◆ **What is required**: Please output the section of the listing below that opens with the line containing "Ecology of the" and closes with the line containing "1972 Plymouth GTX", exactly and with nothing else.

◆ **Material provided**:
───
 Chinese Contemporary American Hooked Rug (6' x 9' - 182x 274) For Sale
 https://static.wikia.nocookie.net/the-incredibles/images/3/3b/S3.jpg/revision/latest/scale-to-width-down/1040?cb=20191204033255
───
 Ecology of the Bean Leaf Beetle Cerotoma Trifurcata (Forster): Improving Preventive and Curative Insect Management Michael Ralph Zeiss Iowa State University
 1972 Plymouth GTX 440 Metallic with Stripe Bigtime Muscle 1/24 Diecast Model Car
───
◆ **Solution**:
 Ecology of the Bean Leaf Beetle Cerotoma Trifurcata (Forster): Improving Preventive and Curative Insect Management Michael Ralph Zeiss Iowa State University
 1972 Plymouth GTX 440 Metallic with Stripe Bigtime Muscle 1/24 Diecast Model Car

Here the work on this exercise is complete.